|M.Sc Student||Sharif Shayma|
|Subject||Modeling Toll Lanes Demand|
|Department||Department of Civil and Environmental Engineering||Supervisor||Professor Tomer Toledo|
|Full Thesis text|
High occupancy toll lanes (HOT) are increasingly popular facilities as they allow to maintain high travel speeds for public transportation and to promote ride-sharing, while efficiently utilizing the lane excess capacity. Understanding the demand for toll lanes and the factors that affect it is critical in developing tolling strategies and pricing schemes.
Drivers that choose whether or not to use a toll lane are commonly shown variable message signs (VMS) with toll rates and in sometime travel information in various forms. They then make their decisions based on partial and inaccurate knowledge of traffic conditions. Previous research has shown that drivers systematically mispercieve travel times.

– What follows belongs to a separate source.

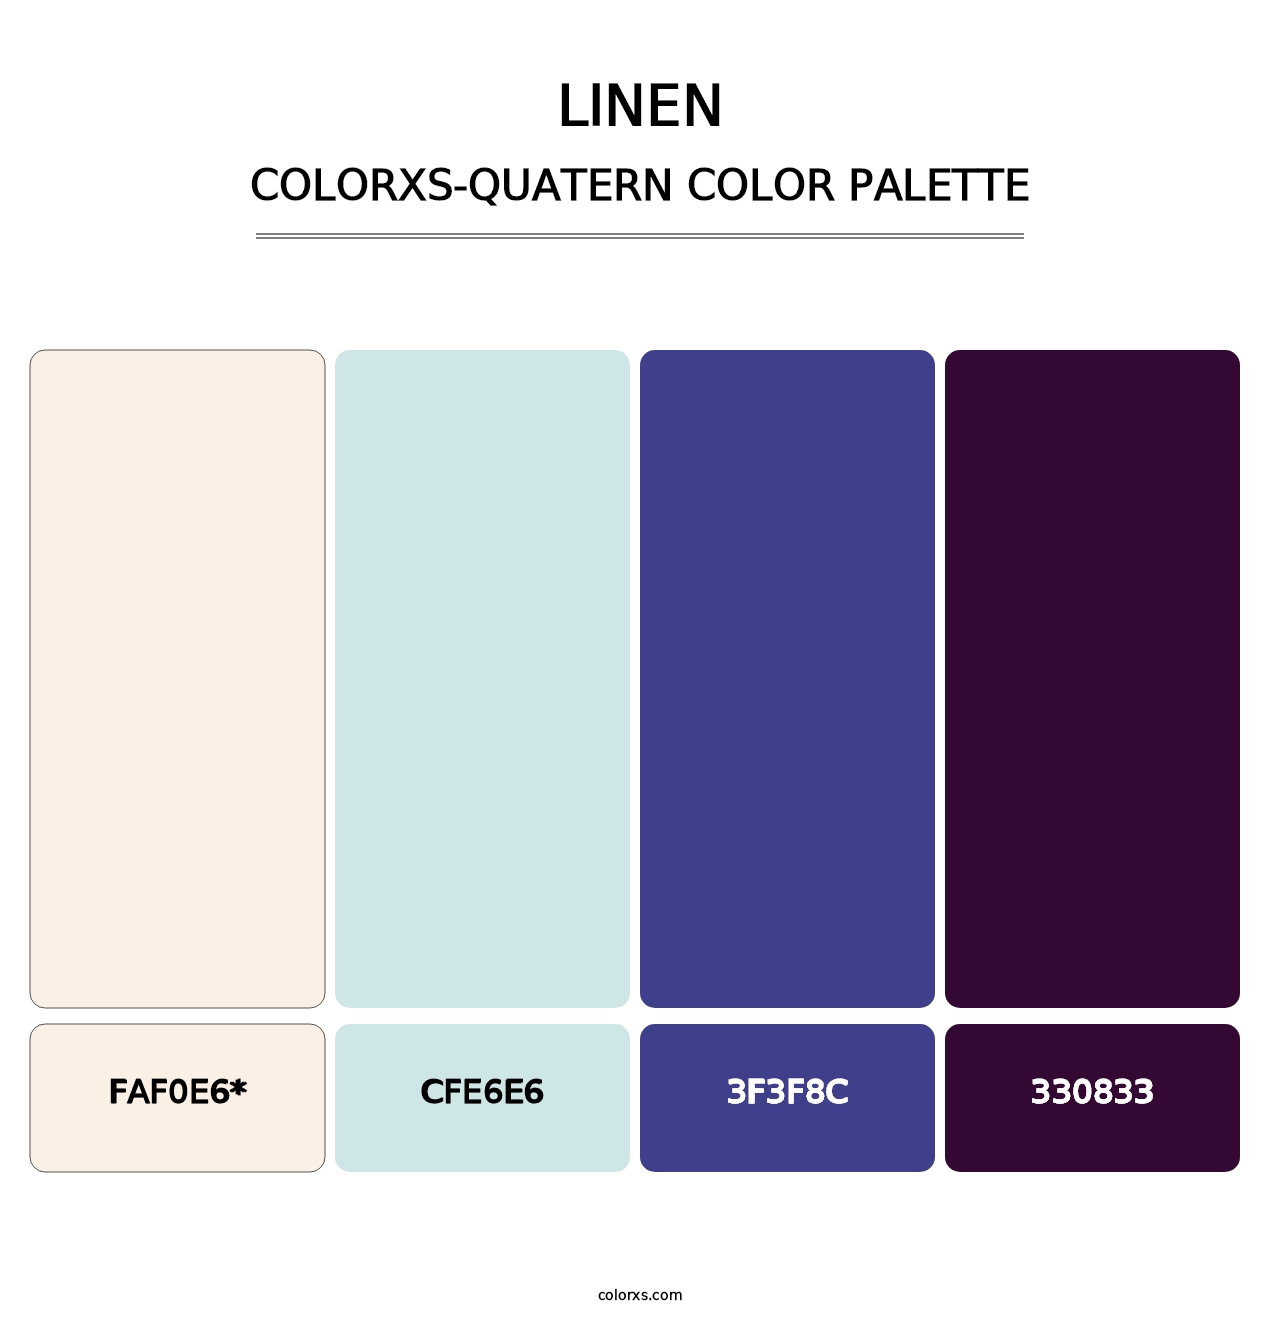 Linen - Colorxs Quatern Palette

This thesis develops two models for toll lane choice scenarios using data from stated preferences (SP) experiments. The first model predicts the travel times that drivers expect to experience depending on the type and content of information they are provided with. The second model predicts the choice whether or not to use the toll lane. The results show that drivers’ expectation of the travel times on the free lanes are strongly affected by the information provided to them on the VMS. In particular, in the absence of precise travel time information they use the toll rate itself as an indicator to the expected travel times. In the choice model, there are significant differences in preferences and the related (VOT) among drivers. In particular, there are large differences in VOT between drivers who pay the toll themselves and those whose employers pay the tolls.